The water inlet head controller is fixed on the control console, is connected with the model box through a water inlet pipe and is connected with the water-bearing layer, and the arrangement mode of the water outlet head controller is the same as that of the water inlet head controller.

2. A test system for simulating deformation and destruction of a roof of an aquifer caused by recharging well water as recited in claim 1, wherein: each water head height observer comprises a rubber conduit, a scale tube and a laser range finder, one end of the rubber conduit is connected into the water-bearing layer in the model box, the other end of the rubber conduit is connected with the lower end of the scale tube, the upper ends of the scale tubes are aligned with the laser range finder, and the scale tubes of all the water head height observers are vertically fixed on an observation plate.

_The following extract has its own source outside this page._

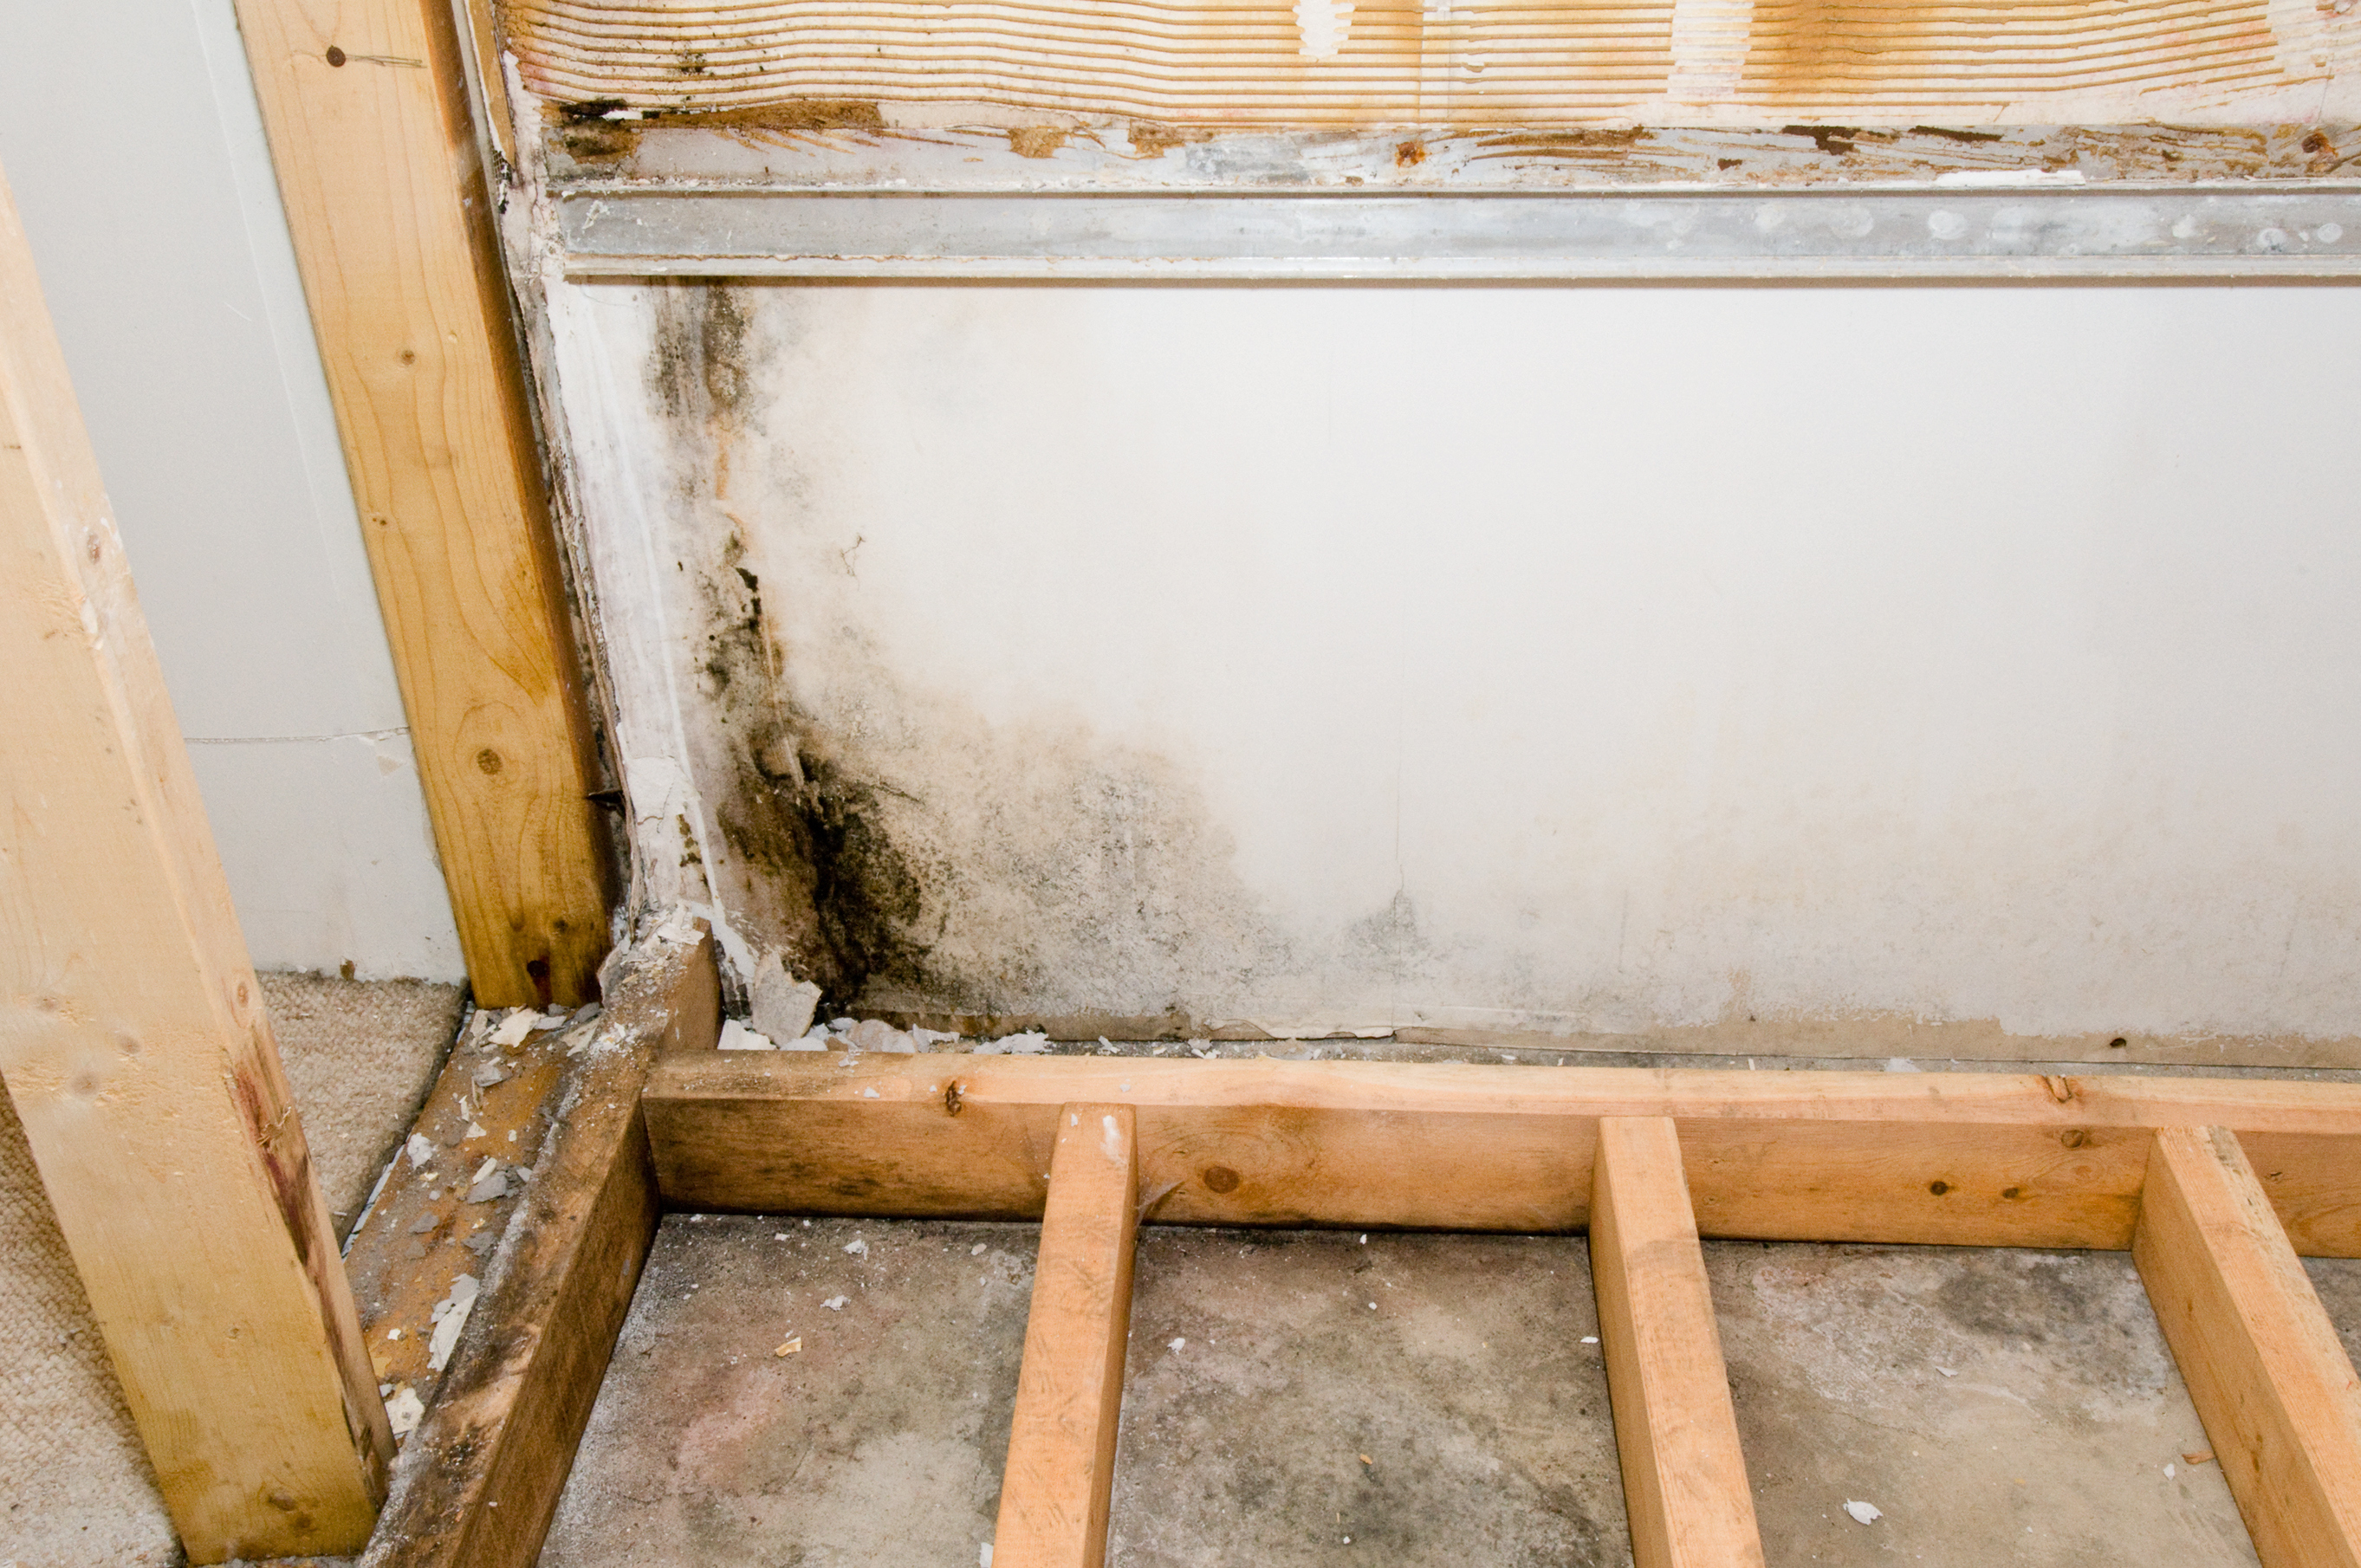 Mold on the bottom corner of a frame, next to wood framing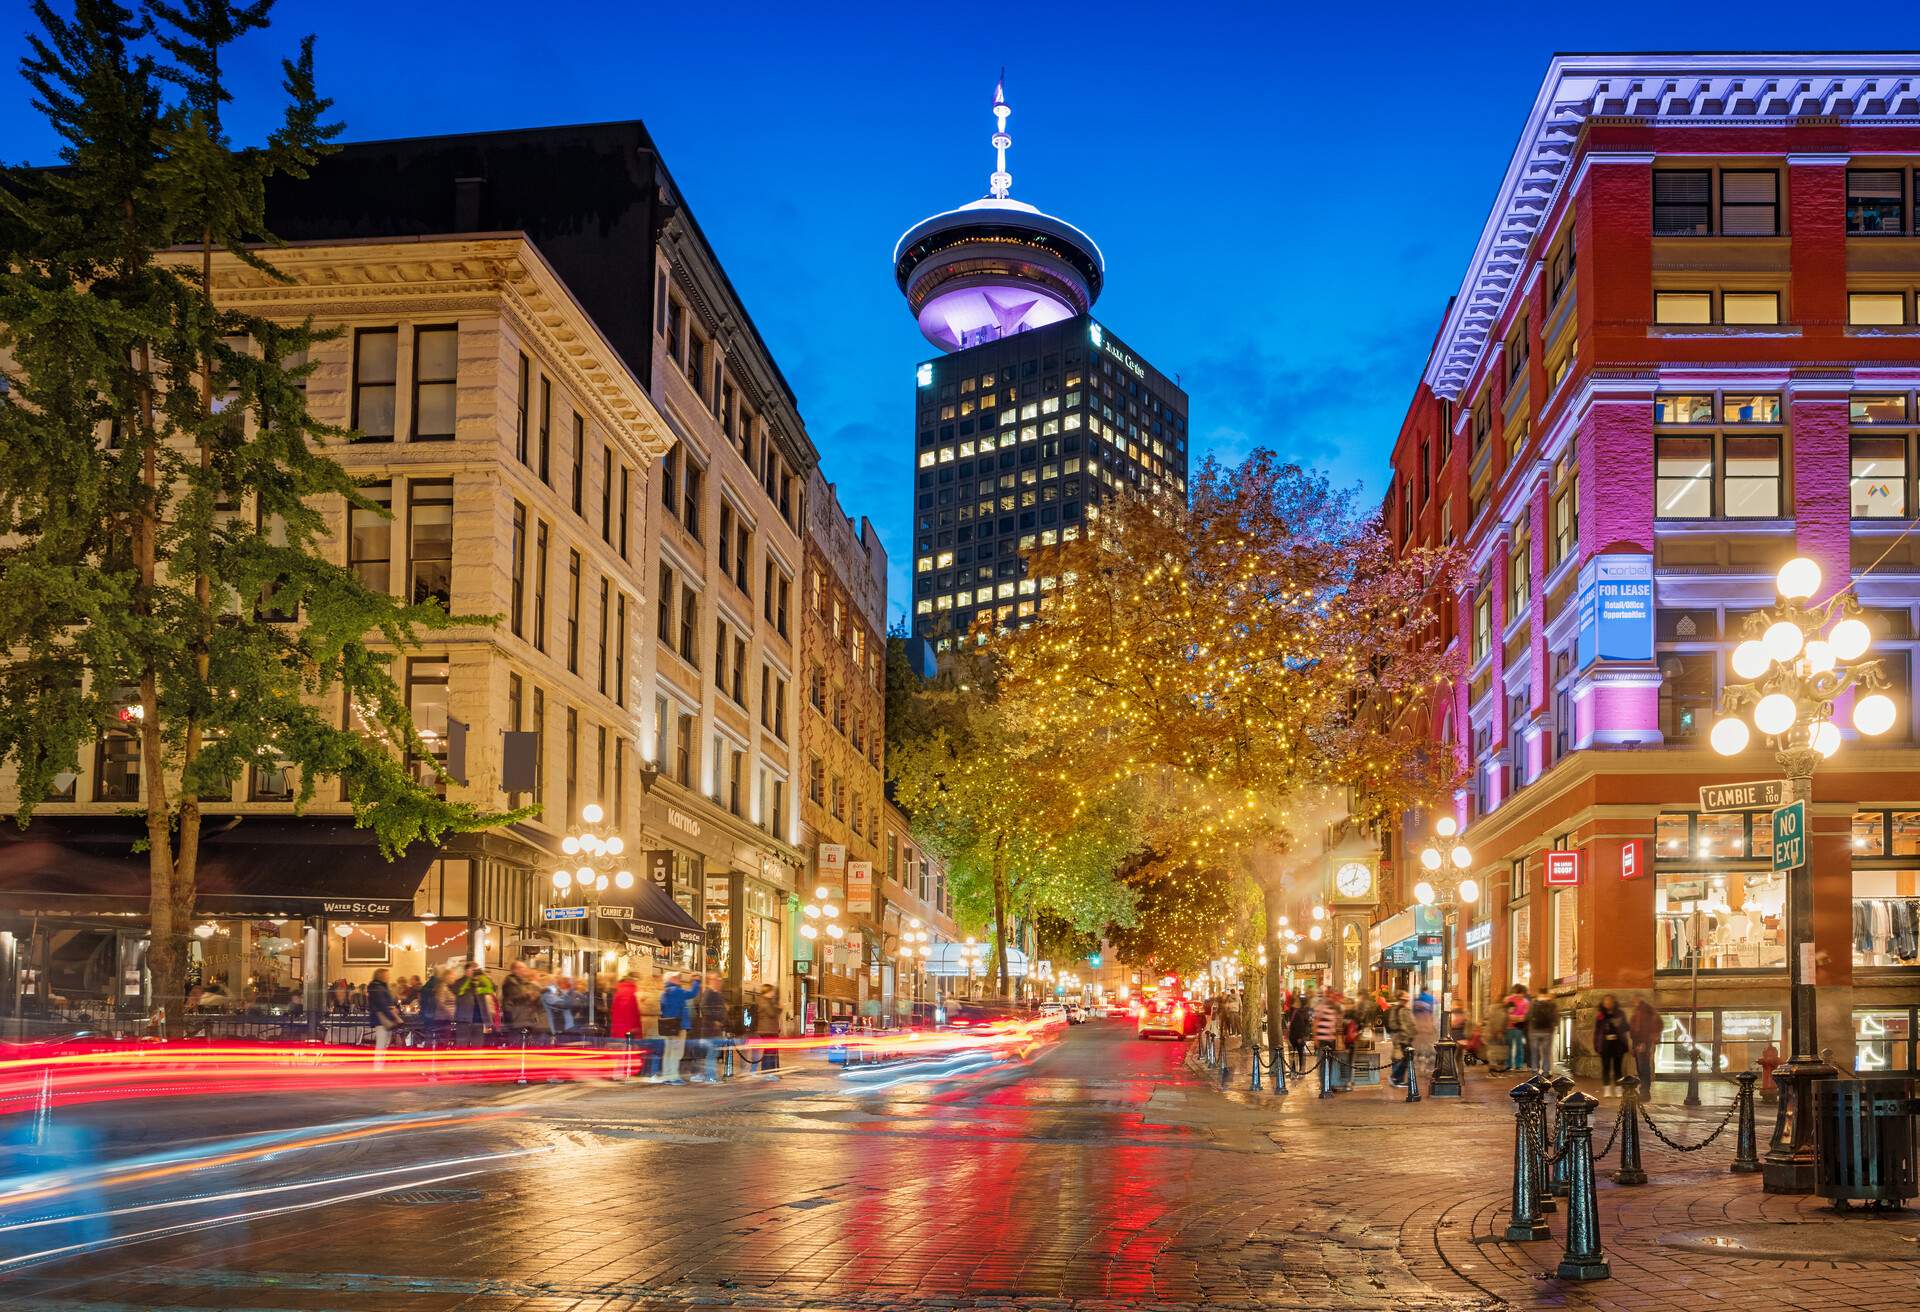 Long exposure stock photograph of Water street with the steam clock and the Vancouver Lookout in the background in Gastown, downtown Vancouver, British Columbia, Canada at twilight.

3. A test system for simulating deformation and destruction of a roof of an aquifer caused by recharging well water as recited in claim 2, wherein: the system comprises a model box, a data collection and arrangement unit, a laser distance measuring device and a laser distance measuring device, wherein the data collection and arrangement unit comprises a high-speed camera, a computer, a strain receiver and a water head height receiver, the strain receiver and the water head height receiver are respectively connected with the computer, the high-speed camera is arranged on one side of the model box, the strain receiver is respectively connected with all strain gauges, and the water head height receiver is respectively connected with all laser distance measuring devices.

4. A test system for simulating deformation and destruction of a roof of an aquifer caused by recharging well water as recited in claim 2, wherein: the outer wall of the model box is provided with a plurality of test holes communicated with the aquifer, and all the test holes are arranged at equal heights.

5. A test system for simulating deformation and destruction of a roof of an aquifer caused by recharging well water as recited in claim 1, wherein: all strain gauges are respectively arranged in each layer of soil layer of the soil-made top plate, a plurality of strain gauges are arranged at equal heights in each soil layer, and the strain gauges between two adjacent layers of soil layers correspond up and down one by one.

6. The test system for simulating deformation and damage of a roof of an aquifer caused by recharging well water as recited in claim 5, wherein: two buffer areas protruding outwards are arranged at the bottom of the model box, the two buffer areas are respectively a water inlet buffer area and a water outlet buffer area, a water inlet filter screen is arranged between one side of the water inlet buffer area and the water outlet buffer area, and the other side of the water inlet buffer area is connected with the water inlet guide pipe; one side of the water outlet buffer area is adjacent to the water-bearing layer, a water outlet filter screen is arranged between the two water outlet buffer areas, the other side of the water outlet buffer area is connected with a water outlet guide pipe, and the water outlet guide pipe is connected with the water outlet water head controller.

7. A test system for simulating deformation and destruction of a roof of an aquifer caused by recharging well water as recited in claim 1, wherein: a clay layer is arranged between the outer wall of the recharging well pipe and the soil top plate, and a backfilling filter material is arranged between the outer wall of the flower pipe section of the recharging well pipe and the water-bearing layer.

8. A test system for simulating deformation and destruction of a roof of an aquifer caused by recharging well water as recited in claim 1, wherein: and an LED light source is arranged at the bottom of the model box.